● Data provided:
/---
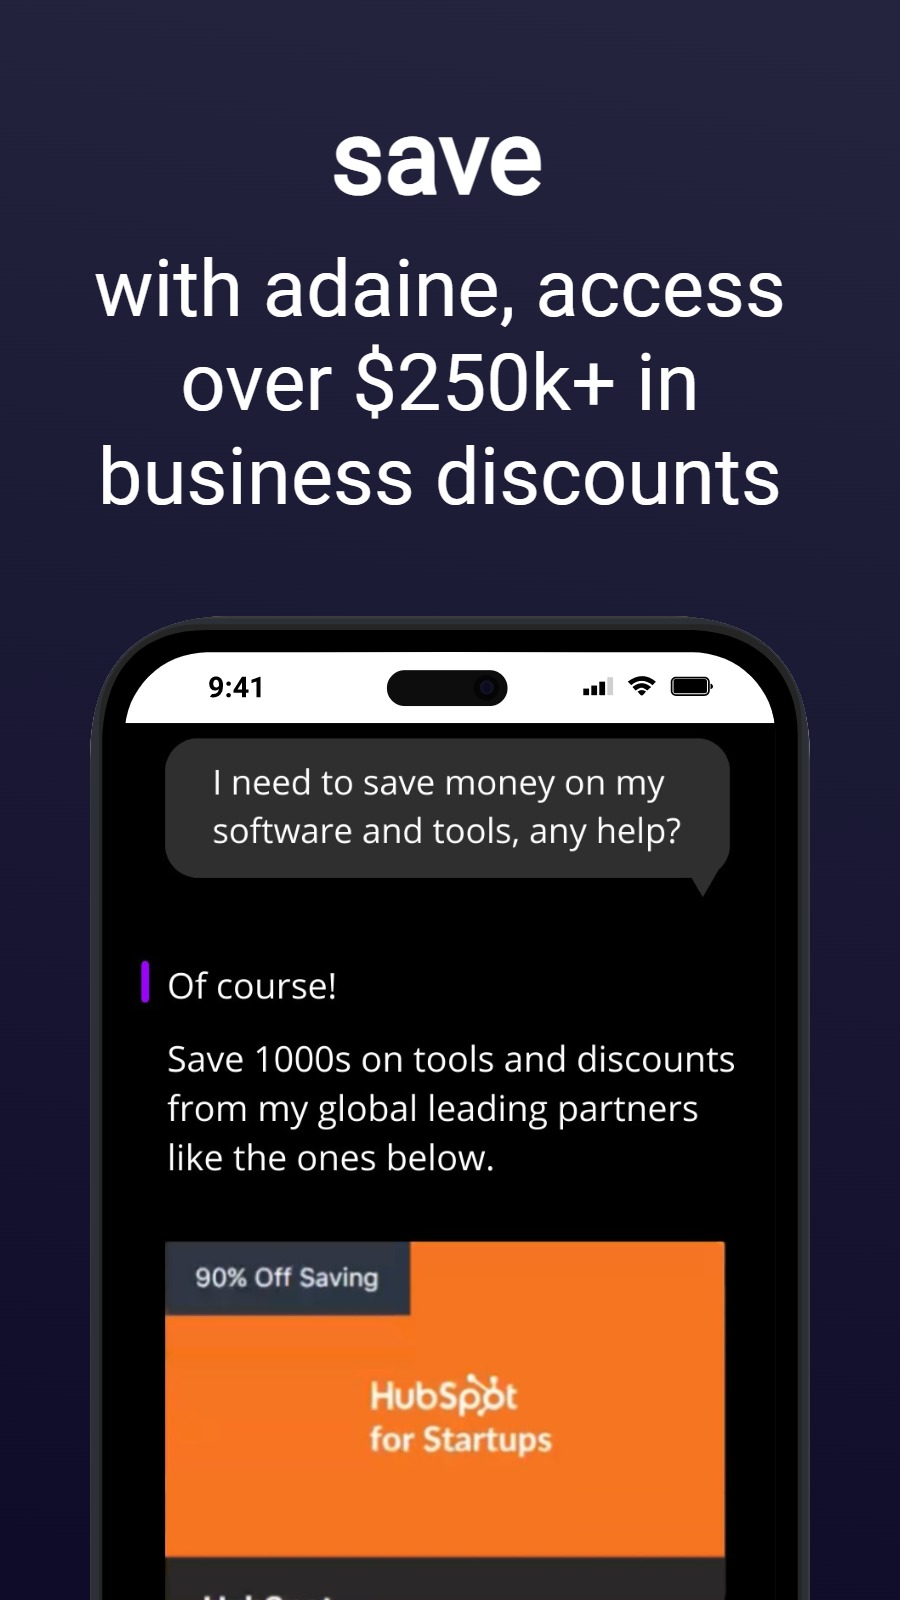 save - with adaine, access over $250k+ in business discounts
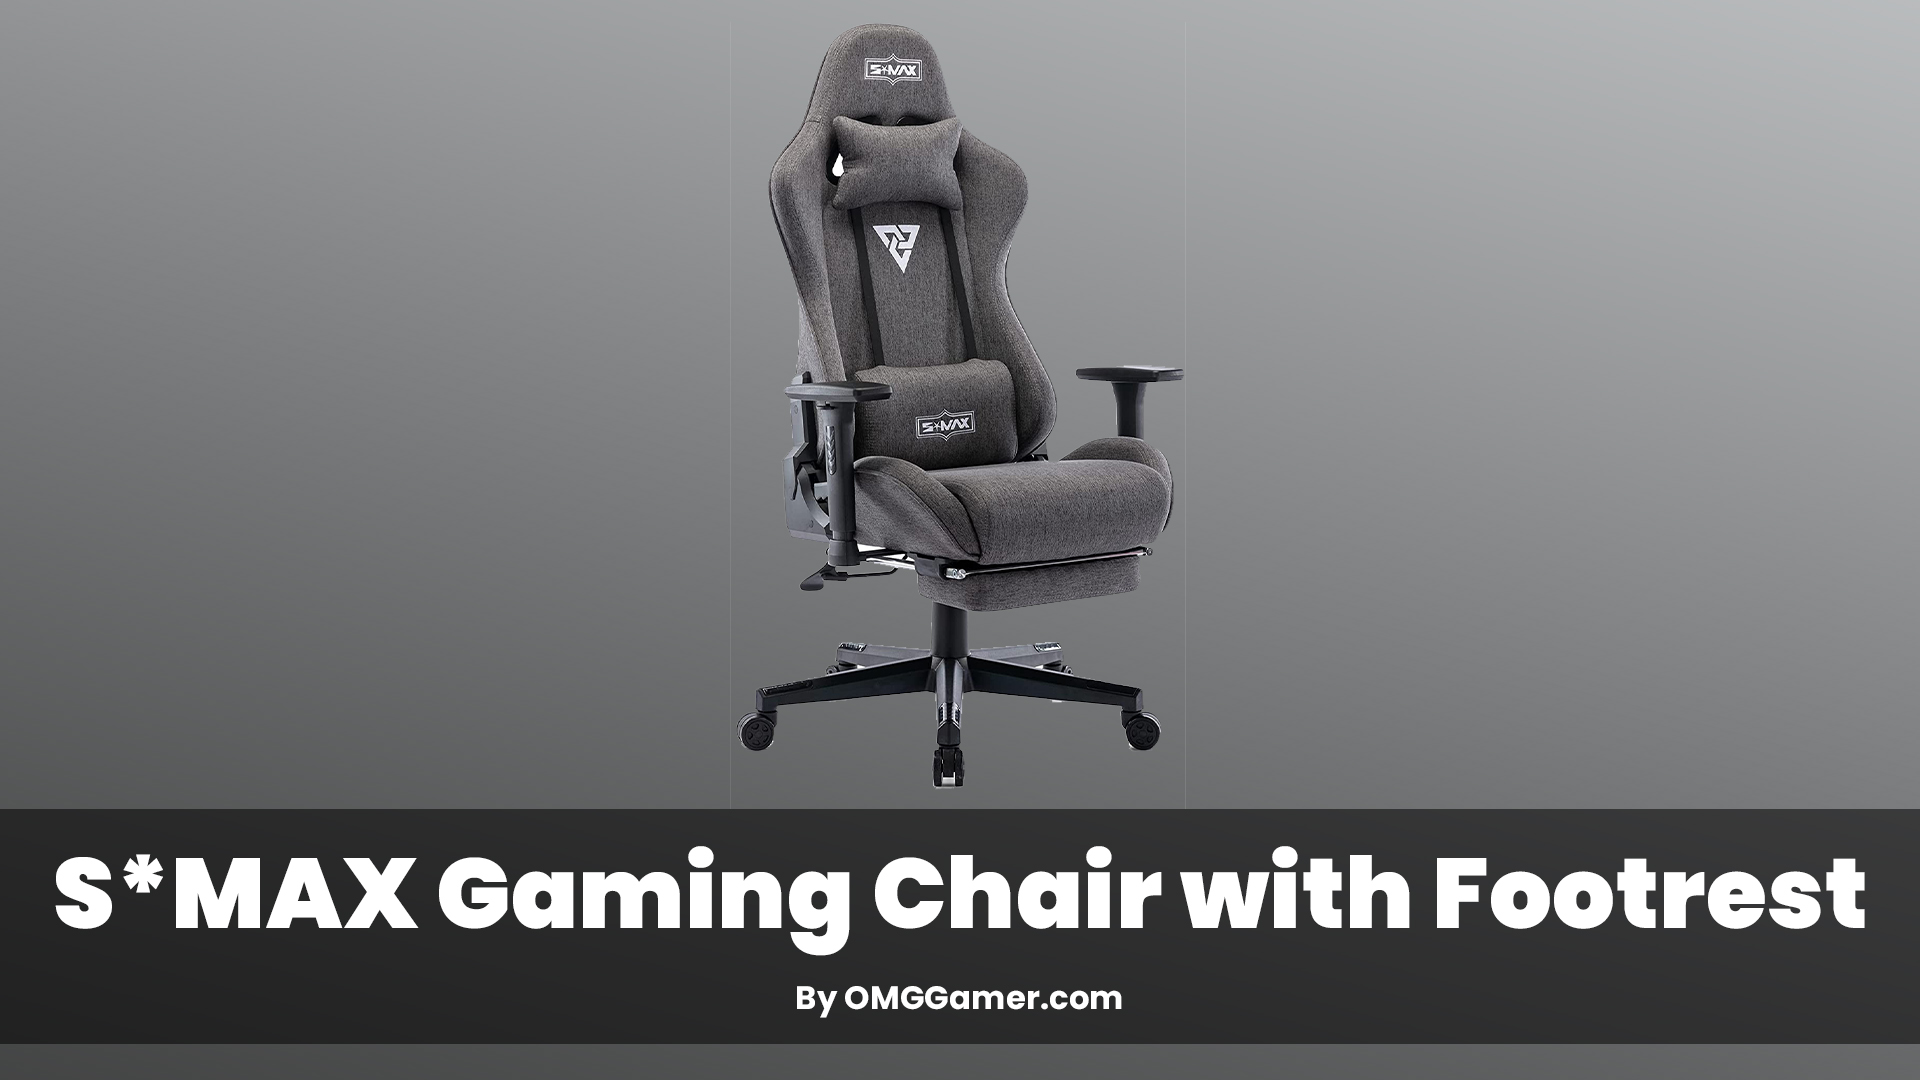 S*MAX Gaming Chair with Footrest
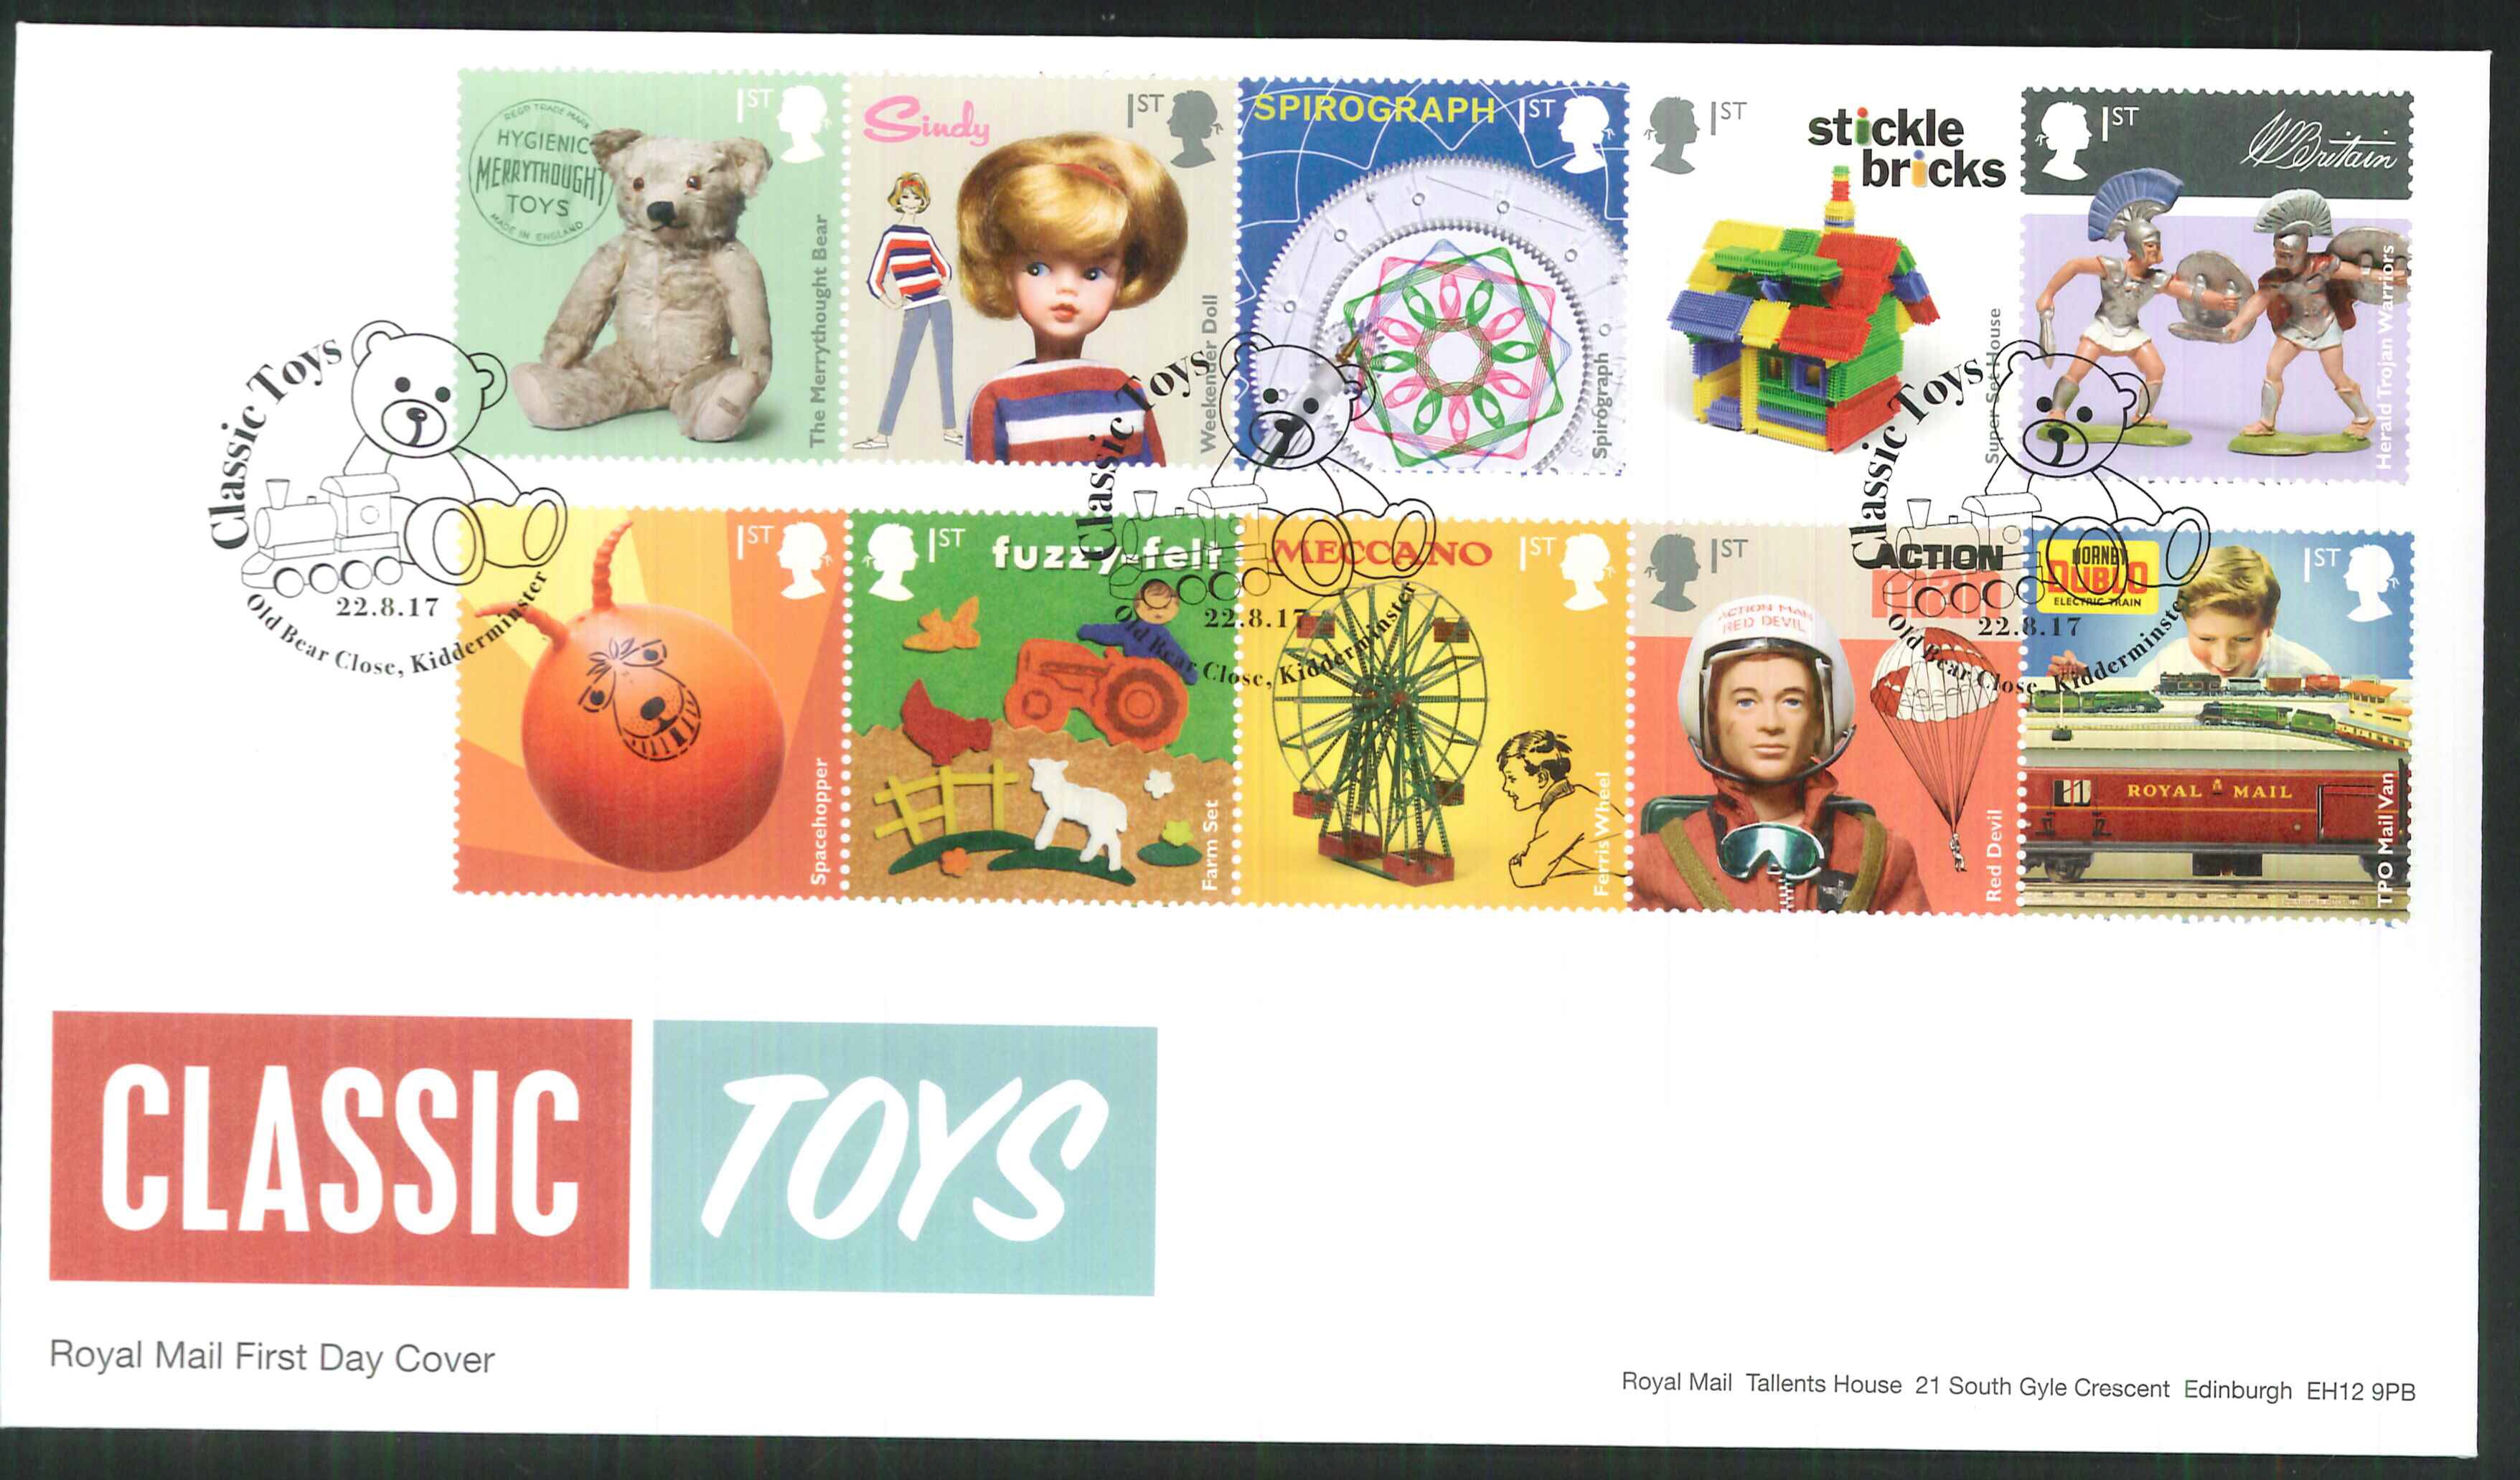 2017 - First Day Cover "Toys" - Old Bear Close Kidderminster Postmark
\---
● Action item:
Retype all the material word for word while skipping any picture it contains.

● Answer space:
 save - with adaine, access over $250k+ in business discounts
 S*MAX Gaming Chair with Footrest
 2017 - First Day Cover "Toys" - Old Bear Close Kidderminster Postmark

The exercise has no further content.